Assigned task: Write the listing out again word for word, leaving each picture behind.

Supplied information:
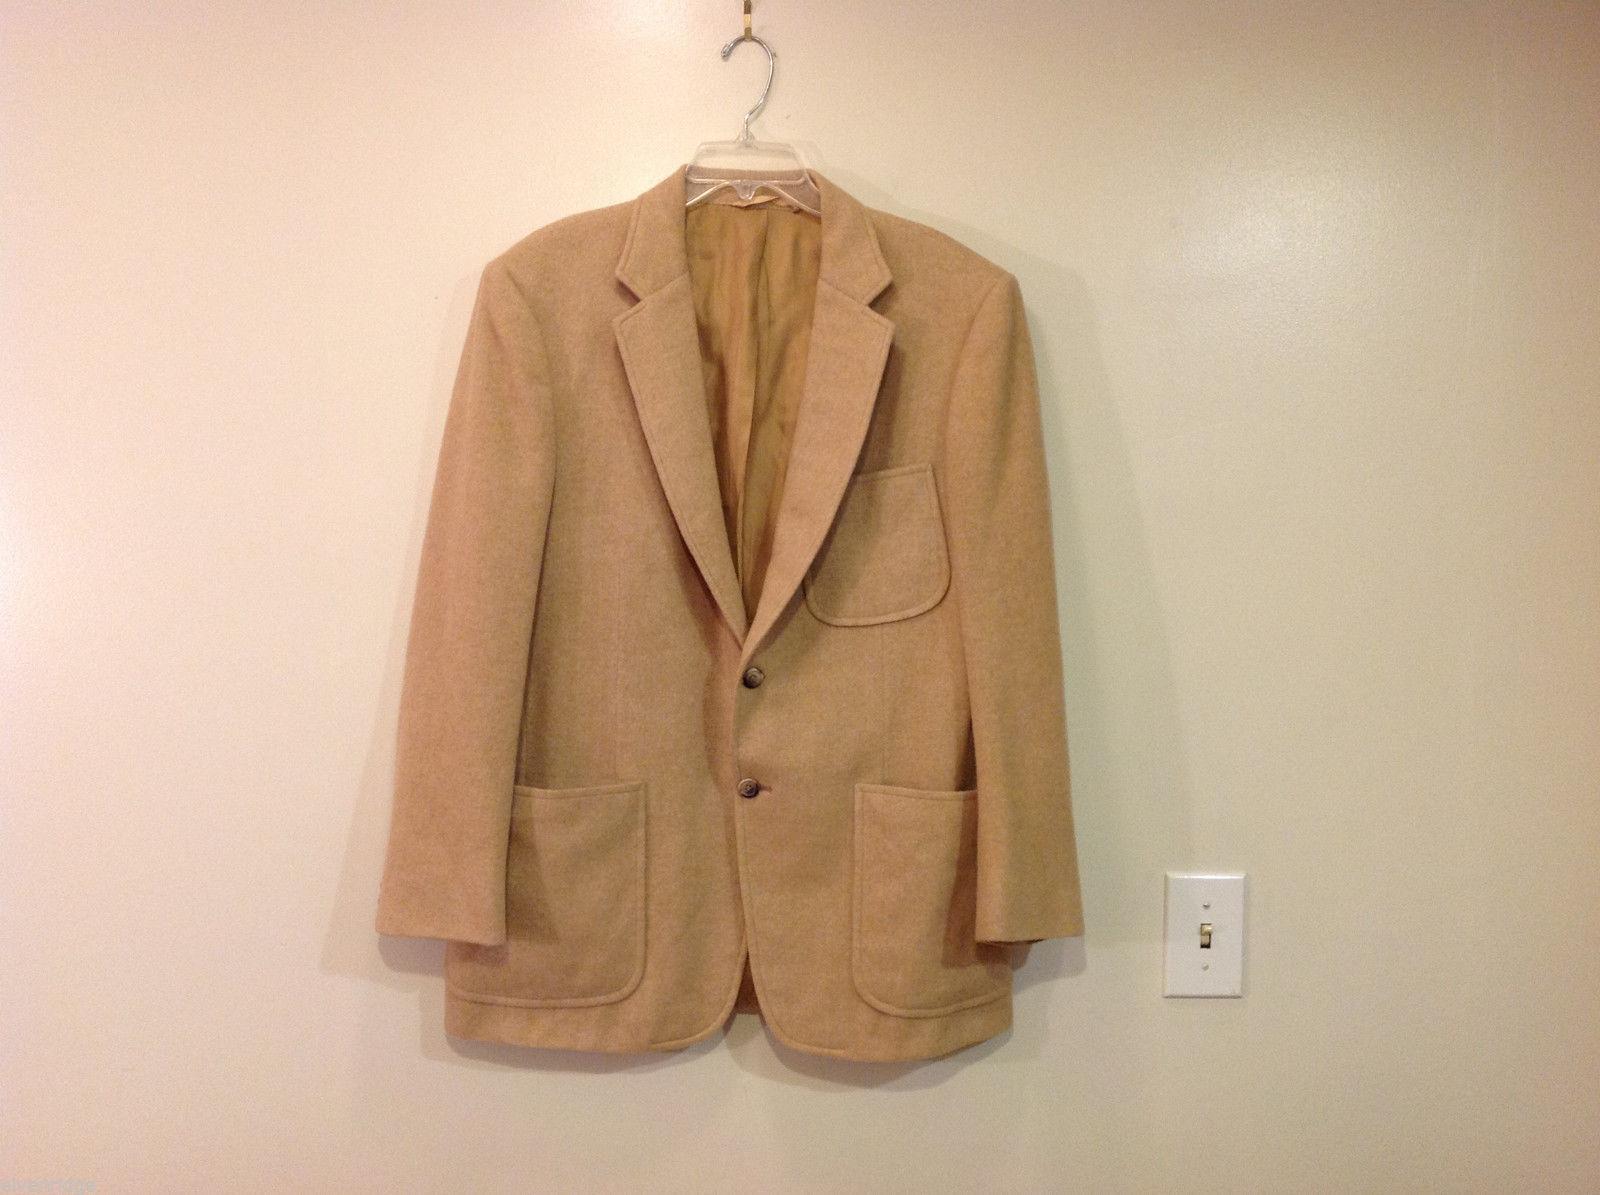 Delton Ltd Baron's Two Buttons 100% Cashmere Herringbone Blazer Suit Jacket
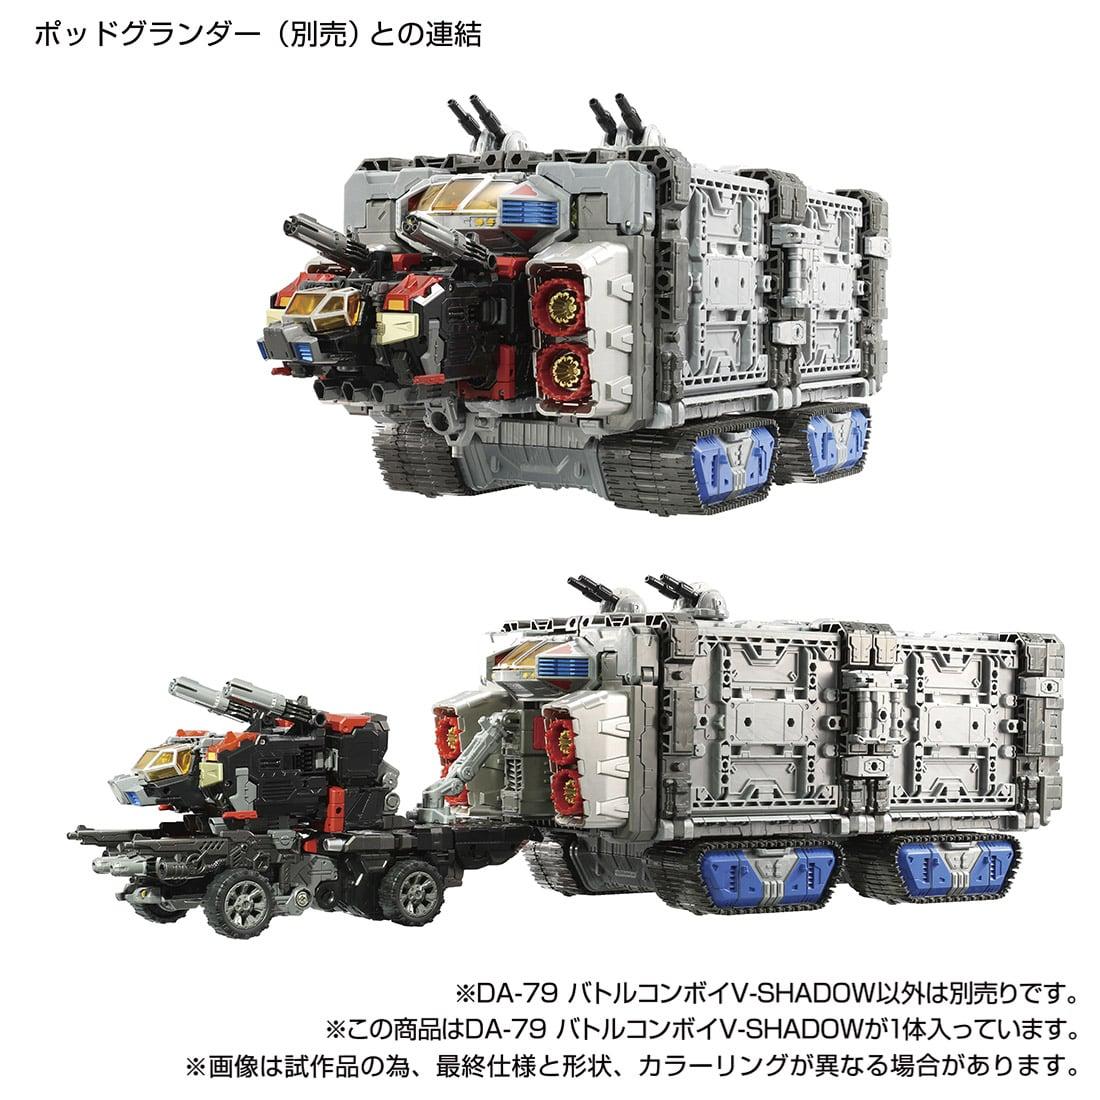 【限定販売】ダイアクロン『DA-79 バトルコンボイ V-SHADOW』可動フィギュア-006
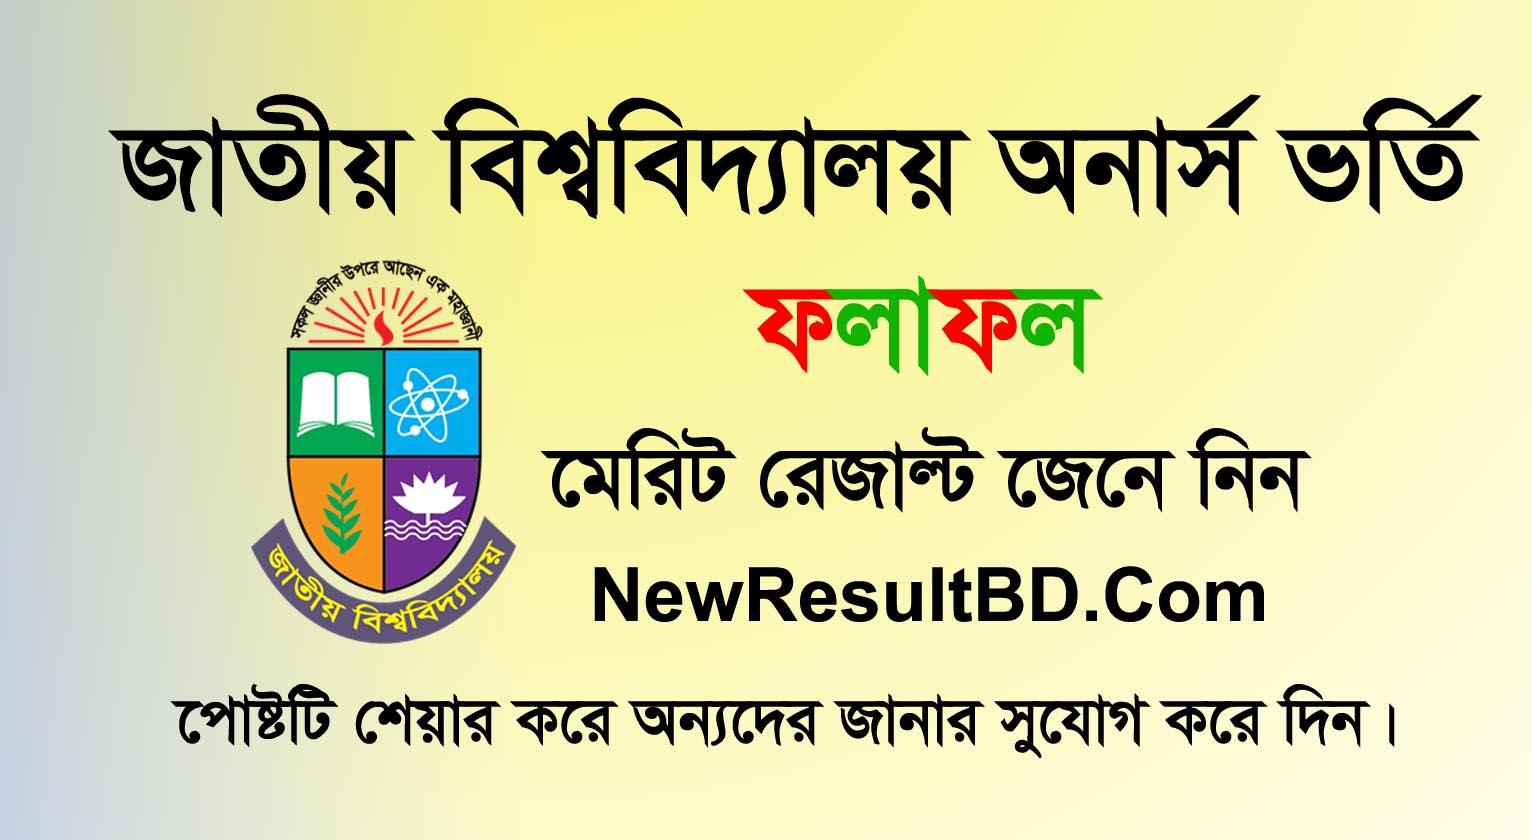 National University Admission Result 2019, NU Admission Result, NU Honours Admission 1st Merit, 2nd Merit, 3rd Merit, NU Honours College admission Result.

Expected output:
 Delton Ltd Baron's Two Buttons 100% Cashmere Herringbone Blazer Suit Jacket
 【限定販売】ダイアクロン『DA-79 バトルコンボイ V-SHADOW』可動フィギュア-006
 National University Admission Result 2019, NU Admission Result, NU Honours Admission 1st Merit, 2nd Merit, 3rd Merit, NU Honours College admission Result.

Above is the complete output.